B) Effect on specific cargo: a V-SNARE for example. We address this in the discussion.

C) Is PC VII somehow more susceptible to our experimental perturbations? It cannot be because of our data that the export of PC I, which is roughly the same size is not affected by either the loss of TANGO1, SLY1 or STX18. This is now stated more clearly in the text.

2) The authors conclude with a speculative model suggesting that Sly1 helps fuse ERGIC derived membranes to build collagen VII carriers. Equally possible is a model in which the SNAREs drive fusion of the carriers with the target membranes and cannot form without packaging of the SNAREs. This should be discussed as well. Moreover, the authors should summarize what is known about all ER localized SNARE proteins, perhaps in a table, to highlight gaps in our understanding. The authors find that the SM protein SLY1 interacts with TANGO1, and find that SLY1 and STX18 are important for ER export of the large cargo PC VII. The key experimental results in this paper are that SLY1 knockdown dramatically affects the ER exit of PCVII and overexpressed ssHRP, but not ER exit of other cargos like PCI.

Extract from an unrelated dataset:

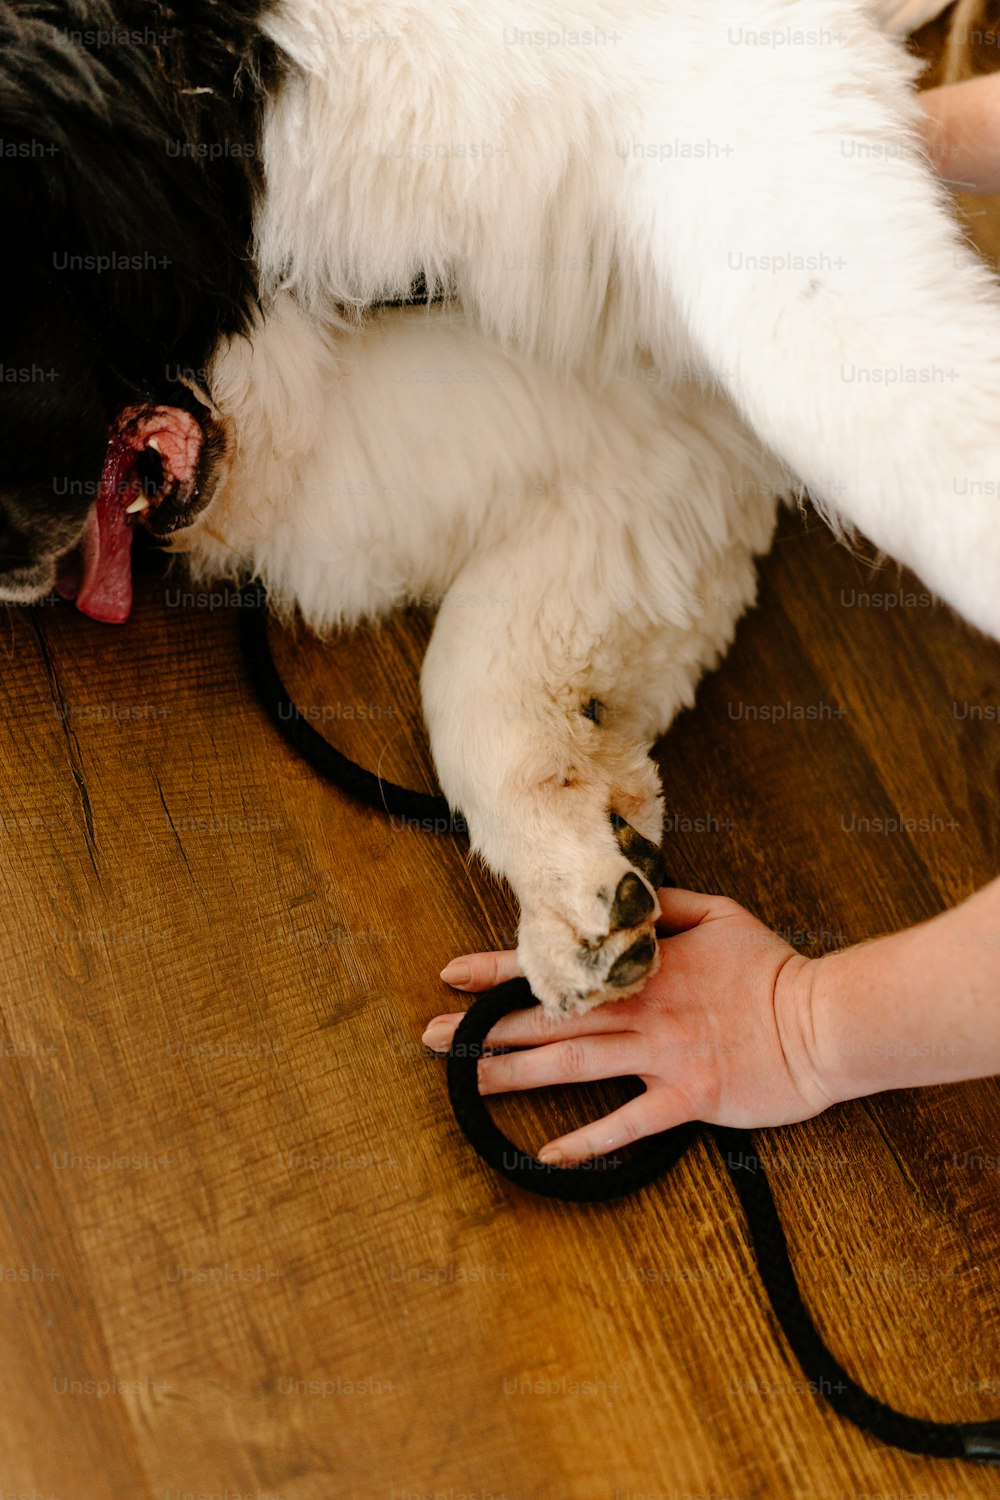 Un perro acostado en un piso de madera sostenido por la mano de una persona

We state this in the text but also highlight that we favor an alternative model. A table with the known v-and t-SNAREs at the ER-Golgi interface is now included in the paper.

3) If SLY1 is directly involved in PCVII ER export, one might expect that levels of SLY1 would be highest in those tissues or cells responsible for secreting PCVII. Is there any evidence in the literature (transcriptomics, proteomics) that SLY1 is particularly abundant in such tissues?

No, there is no evidence in the literature that SLY1 or TANGO1 levels are particularly higher in tissues that export PC VII.

4) One reviewer took issue with the authors' claim that SLY1 and STX18 act at a “post-COPII assembly step”. The evidence for this claim is based on the fact that SEC31 still forms punctae on the same ER compartments where PCVII is accumulating in SLY1-knockdown cells (Figure 8). However, there is no reason to think that these SEC31 punctae represent stalled PCVII vesicle buds. These SEC31 punctae might be unaffected ERES through which other cargos are continuing to exit normally (because the authors show that other cargos are not affected by SLY1-knockdown). SLY1-knockdown may have no affect at all on the observed SEC31 punctae, and may have actually prevented the formation of PCVII-nucleated SEC31 punctae (which would remain unseen). If SLY1 acts downstream of COPII assembly, one would expect to see a proliferation of SEC31 punctae in the SLY1-knockdown cells, corresponding to stalled PCVII buds. Please modify the text accordingly.

We have changed the subheading to “SLY1 knockdown does not affect Sec13/Sec31 localization to the ER exit sites“. It is also important to note that we do not state that these are stalled PC VII buds. All we say is that SLY1 depletion does not affect the connection made by TANGO1 between PC VII and the COPII coats of the exit site. We have deleted our statement that SLY1 acts post COPII coat assembly from the discussion to alleviate the issue raised by the reviewer.